## BRIEF
For each record that follows, restate the text exactly and drop the pictures.

## RECORDS
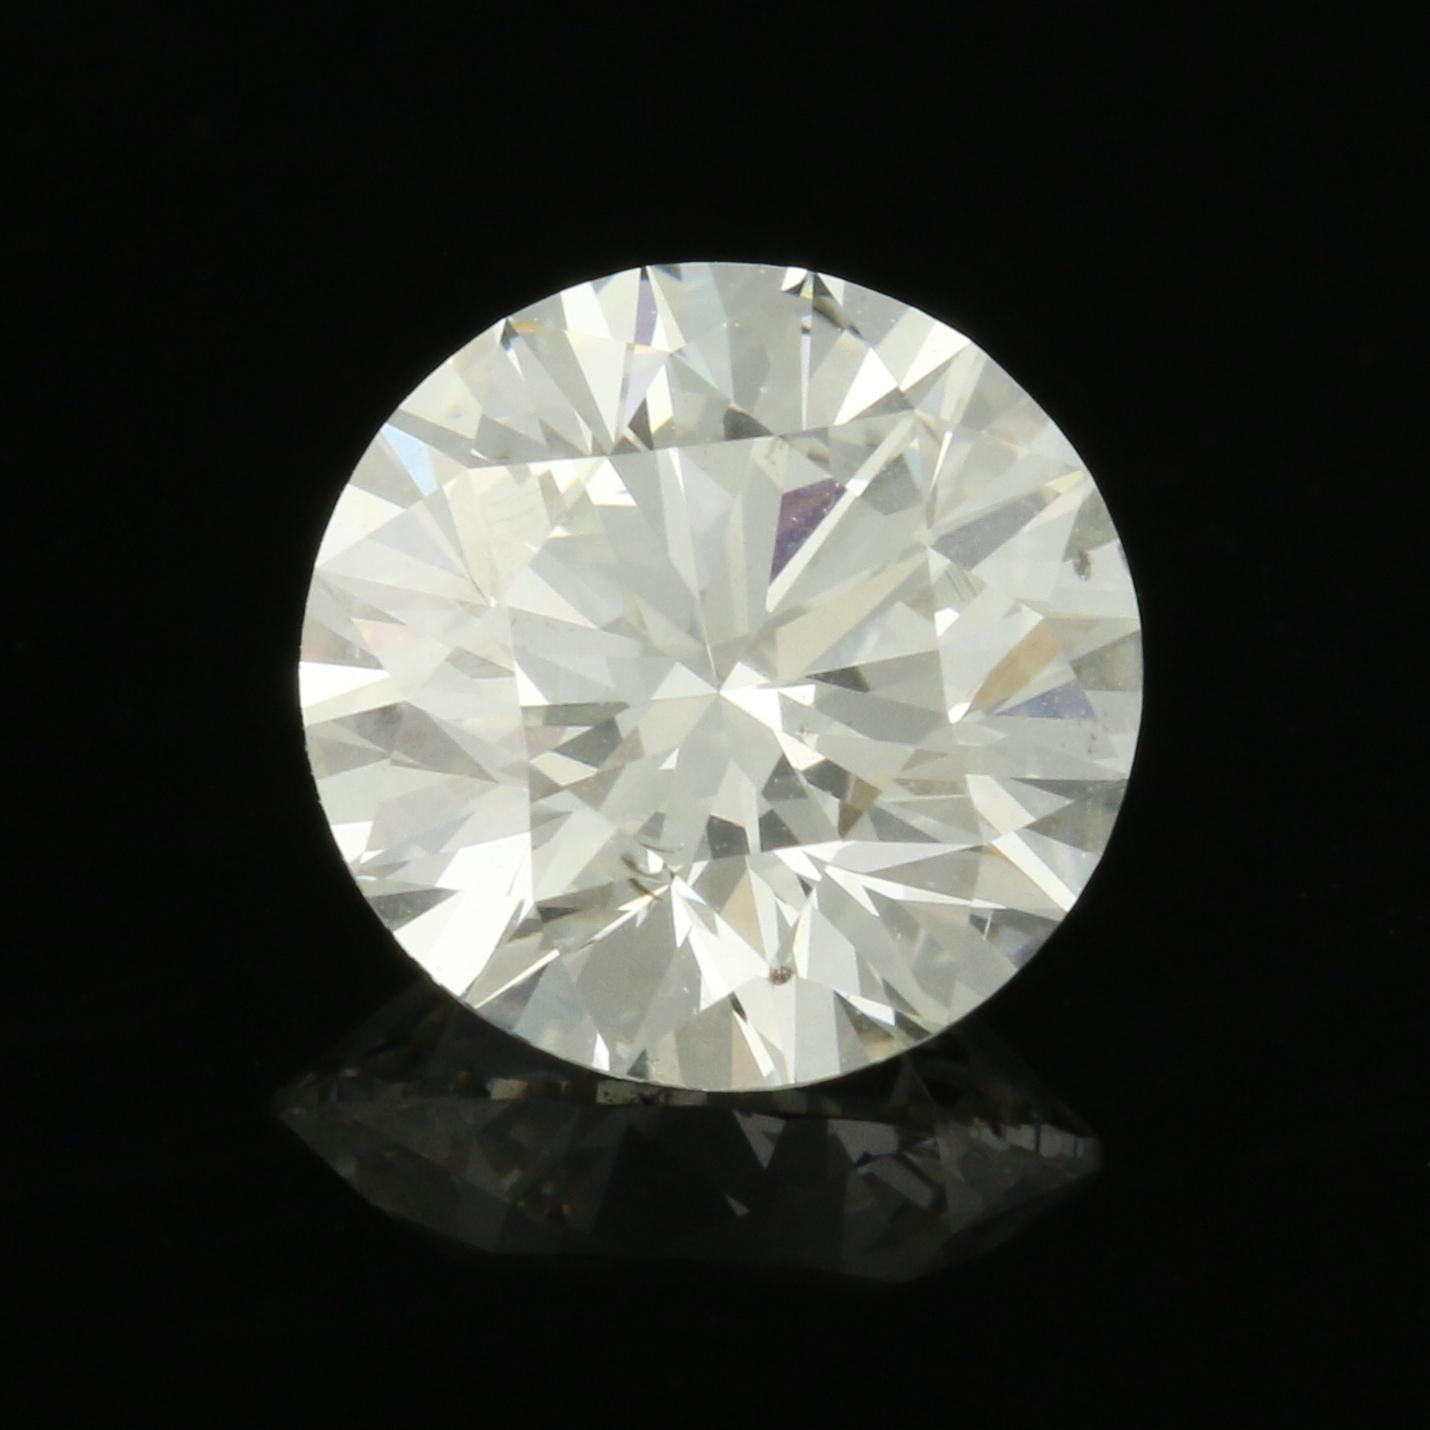 Shape/Cut: Round Brilliant 
Clarity: SI2 
Color: I 
Dimensions (mm): 7.48 - 7.53 x 4.68 
Weight: 1.60ct 

Cut: Excellent 
Polish: Excellent 
Symmetry: Very Good 

GIA Report Number: 6197773198 

Please check out the enlarged pictures.

Thank you for

## ANSWER TO THE EXERCISE
 Shape/Cut: Round Brilliant 
Clarity: SI2 
Color: I 
Dimensions (mm): 7.48 - 7.53 x 4.68 
Weight: 1.60ct 

Cut: Excellent 
Polish: Excellent 
Symmetry: Very Good 

GIA Report Number: 6197773198 

Please check out the enlarged pictures.

Thank you for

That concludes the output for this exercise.